DeGaulle and Nasser Die

Published: 1970
Play UPI Radio 1970
Queen Elizabeth is shown chatting with General Charles De Gaulle on her visit to the Convalescent Home for Free French Naval Forces, November 2, 1941, near the British capitol of London. General De Gaulle, who is leader of the Free French Forces, is on a visit to England. (UPI Photo/Files)
Announcer: To his people he was more than a man, more than a political leader, more than a defender of French rights and international dealings. To his people he was "Le Grand Charles", the Great Charles. They remembered 1940, when he asked for their support.

Charles De Gaulle: [French]

Announcer: In 1944, upon his return to power, they remembered him telling them the road to recovery is difficult.

President Charles De Gaulle: [French]

Announcer: They remembered the way he campaigned in 1969.

President Charles De Gaulle and crowd (singing): [French]

Announcer: They remembered 1970 and the day he died.

Unknown Speaker: [French]

Announcer: On Tuesday, November the 12th, Charles De Gaulle was buried. World leaders attended memorial services at Notre Dame Cathedral. The country, in a unanimous outpouring of grief, said farewell to their most beloved 20th Century hero. They said goodbye to Le Grand Charles.

Announcer: 1970 in Review will continue after this message.

The death of another leader came suddenly in 1970. He, like Charles De Gaulle, was revered by his countrymen, and when he died they plainly showed their grief.

Announcer: The most powerful leader in the Arab world, Egyptian President Gamal Abdel Nasser died in Cairo on September the 28th at the age of 52. More than any other man, Nasser had shaped the destiny of the Middle East, and his death left a political void throughout the Arab world.

While he was still alive, the biggest hope for peace in the Middle East came when a 90-day ceasefire agreement was reached. Talks were initiated by the United Nations and headed by Ambassador Gunnar Jarring.

Ambassador Gunnar Jarring: "I have pleasure in announcing that the governments of Israel, Jordan and the United Arab Republic have each appointed representatives for the discussions to be held under my auspices for the purpose of reaching agreement on the establishment of a just and lasting peace in the Middle East and that these discussions will begin on the 25th of August 1970 at New York."

Announcer: But after less than three weeks into the ceasefire, Israel accused the Arabs of ceasefire violations and they refused to take part in any of the talks.

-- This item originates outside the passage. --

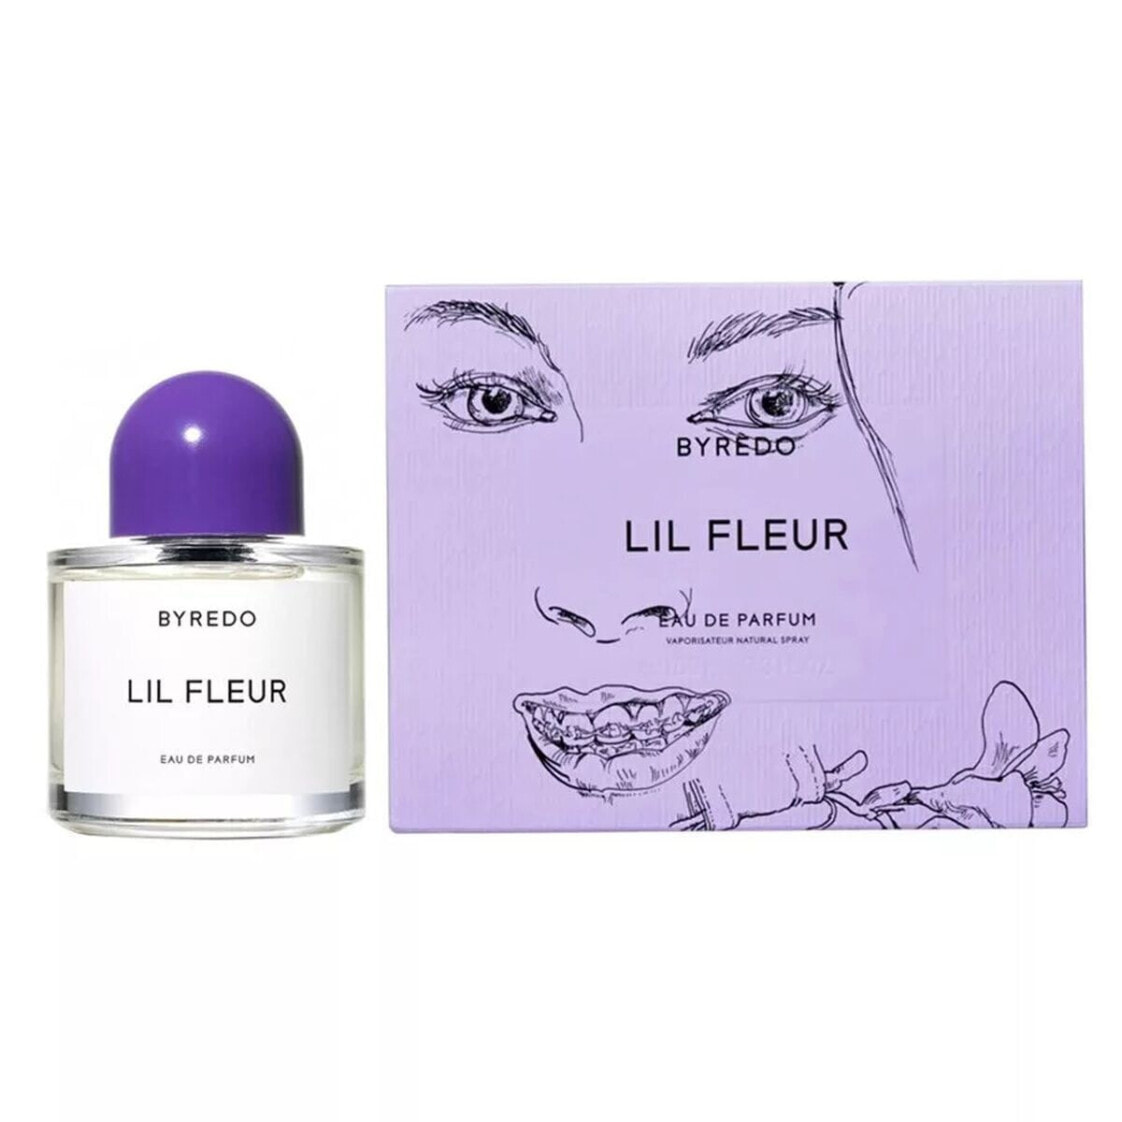 Байредо флер. Byredo Lil fleur Limited Edition. Byredo Lilly fleur. Byredo Lil fleur EDP 50 ml. Парфюм Byredo Lil fleur Cassis 100ml.

Unknown Speaker: "In an hour after this, after the ceasefire came into effect, missiles began moving. New sites are constructed, new sites practically up to the very edge of the Suez Canal, which can be flown within a few hours. Live missiles have been, have been sent and of the most sophisticated kind. Then we say, no. Then we're not meeting as equals in these discussions. Then we're meeting we on one side, people that come in with the best of intentions for peace, and then the other side, negotiators with a revolver pointing at our head."